9 June, 2013 at 6:09 am

bengreen

It seems as though the “Level 1″ structure of Zhang’s paper has now been mostly discussed on this blog. I thought I’d start looking at the “Level 2″ structure of the paper, just to check that no unforeseen constraints or difficulties are lurking there. By “Level 2″ structure I mean certain technical issues that one would definitely not mention in a seminar on the subject, but which are more important than “Level 3″ issues such as checking that cutoffs can be smoothed out, book-keeping of coprimality constraints, and so on.

By the way, I should say that this top down method is my favoured one for reading papers, and is probably something to be borne in mind when writing them (though I am certainly guilty of not paying attention to this principle).

The most worrying piece of Level 2 structure for me is the material on pages 34, 35 and 36 of Zhang’s paper. It has been discussed to some extent by Terry and v08ltu above.
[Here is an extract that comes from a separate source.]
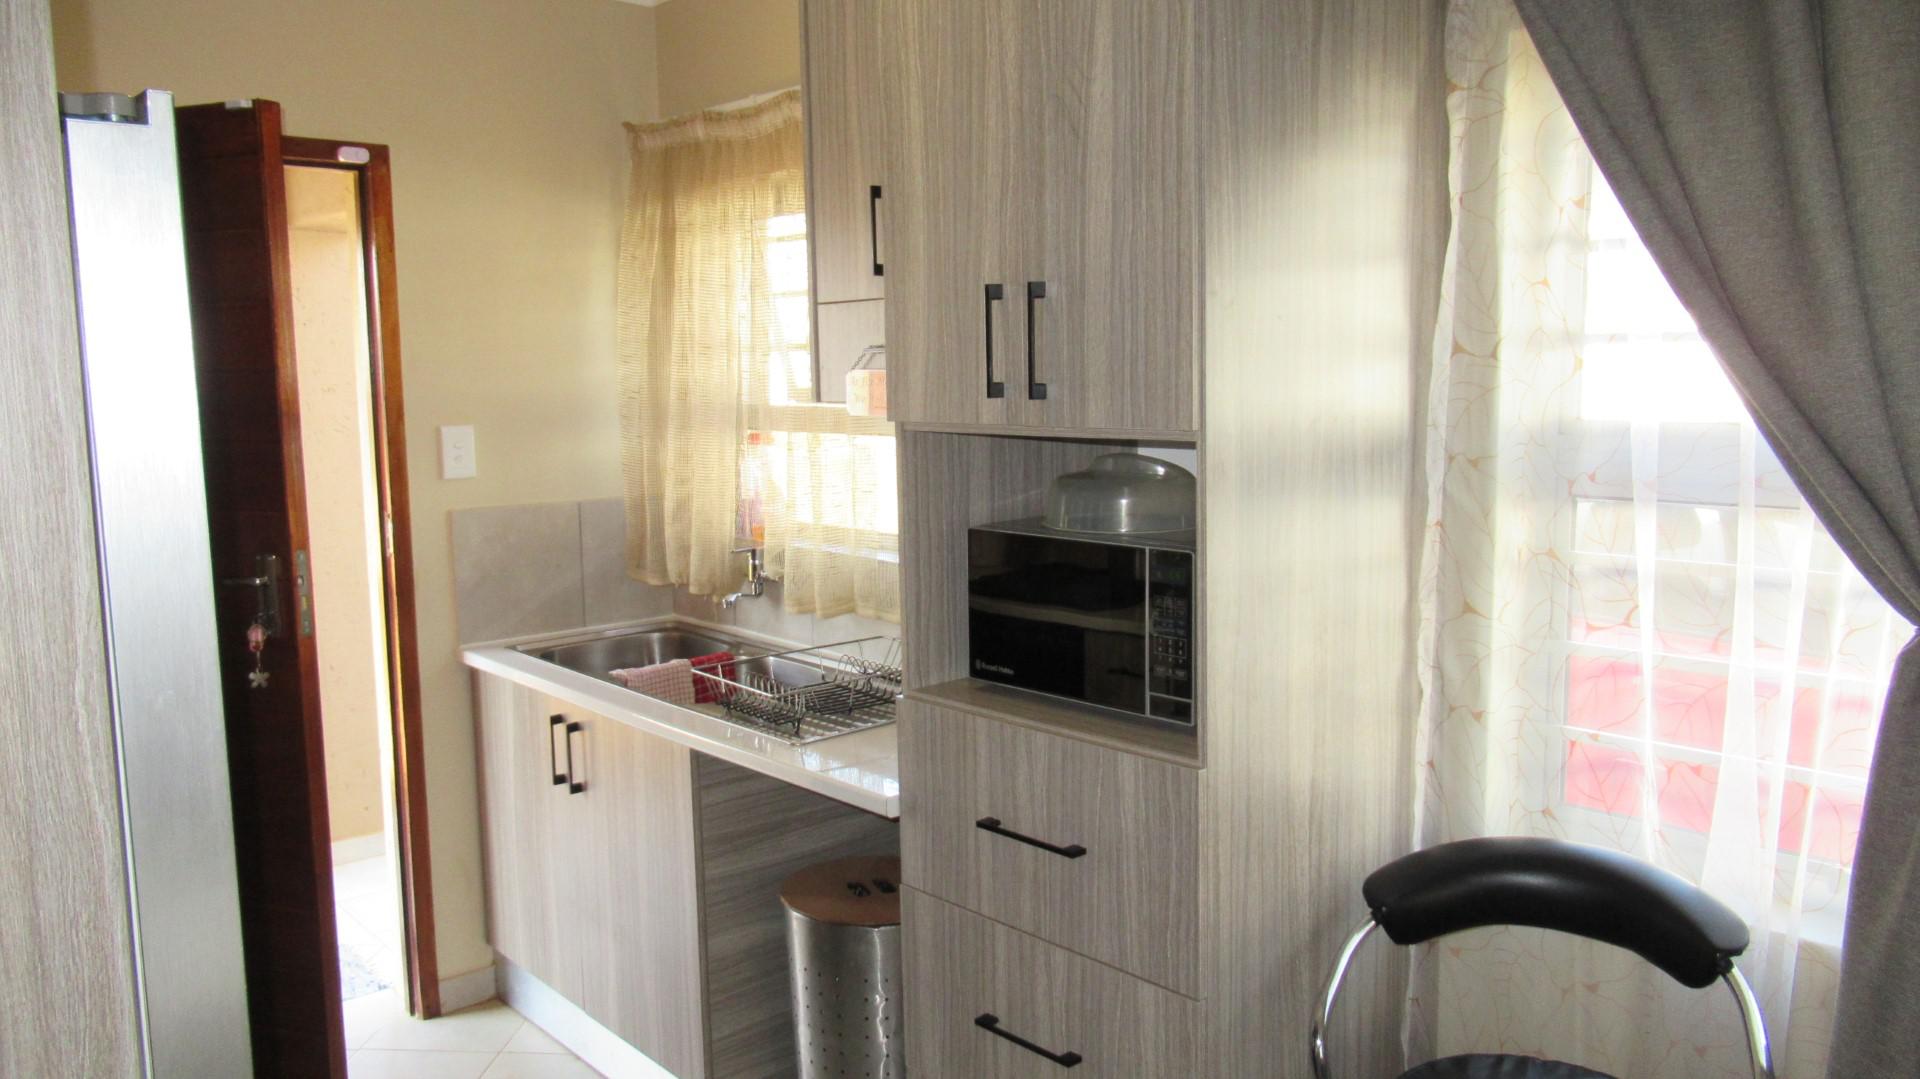 Kitchen - 9 square meters of property in Salfin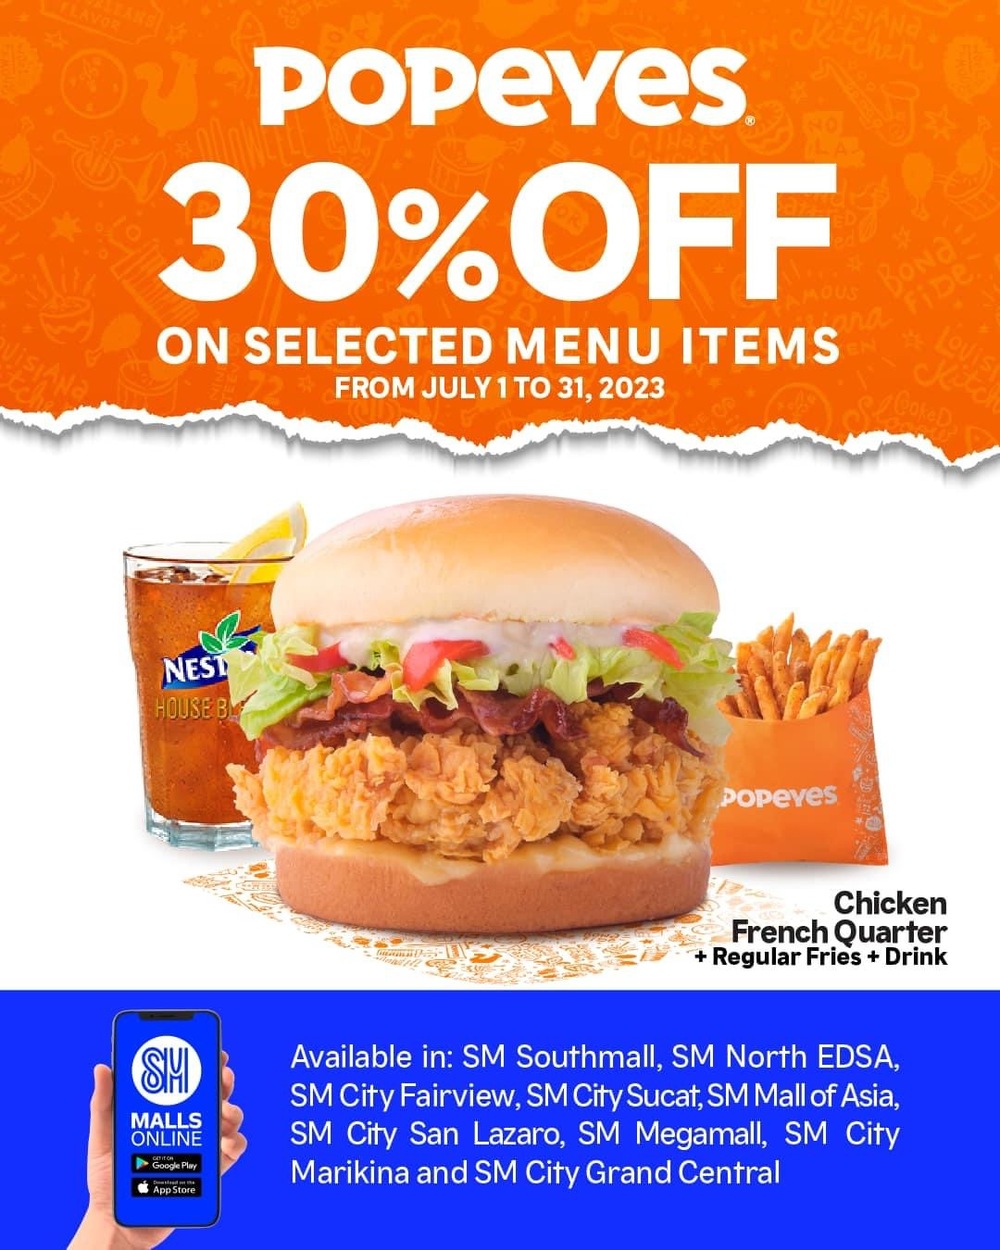 Awesome chicken deals and promos this National Fried Chicken Day 2023 from Popeyes Philippines

In my discussion of the Type I case, I had mentioned how things are reduced to showing that

$\mathbf{E}_{q_1, q_2 \sim Q} c(q_1) c(q_2) \mathbf{E}_{n_1, n_2 \sim N, n_1 = n_2(r)} \beta(n_1) \beta(n_2) \mathbf{E}_{m \sim M} 1_{m = a\overline{n_1}(r), b \overline{n_1} (q_1), b \overline{n_2}(q_2)}$

$= o(\frac{1}{Q^2 R}).$

Call this (1).

(I am assuming familiarity with that post, though the notation there is similar to Zhang’s paper).

I then remarked that pages 34, 35 and 36 of Zhang are devoted to showing that one may restrict the expectation just to those $q_1, q_2$ that are coprime.

I now realise, following comments from others, that to make this happen requires a few modifications that make the argument look even more complicated than it already is.

Remember that $d = qr$ , and that we have attained this factorisation using the fact that $d$ is $X^{\delta}$ -smooth. It turns out that one should also make sure that $q$ does not have any small prime factors: the right notion is that we should have $p | q \Rightarrow p \geq \exp(\log^{1/k_0} X)$ . I will explain this more in a subsequent post. Now this cannot be attained automatically; one instead has to go right back to the start of what we are trying to do, and observe that in our goal of trying to estimate

$\mathbf{E}_{c \in \mathcal{C}_i(d)}\mathbf{E}_{d \sim X^{1/2 + 2\varpi}} |\mathbf{E}_{x = c(d)} (\alpha \ast \beta)(x)|$ ,

we can in fact ignore the contribution of those $d$ for which

$\prod_{p | d \Rightarrow p \leq \exp (\log^{1/k_0} X)} p \geq X^{\delta}$ ,

essentially because there are very few such $d$ . Zhang notes that this can be done by “trivial estimation”, but the definition of trivial here is a little niche and that is why a MathOverflow question was devoted to this point:

http://mathoverflow.net/questions/131825/a-technical-question-related-to-zhangs-result-of-bounded-prime-gaps

The question was answered by Sungjin Kim of UCLA, and it *is* trivial, at least if you have really known your way around estimates for divisor-like functions for a few years.

Incidentally Zhang performs this step before he decomposes $\Lambda$ using Heath-Brown’s identity, but I think it is only required in the analysis of the Type I and II sums, and is technical, so perhaps it should be moved over there.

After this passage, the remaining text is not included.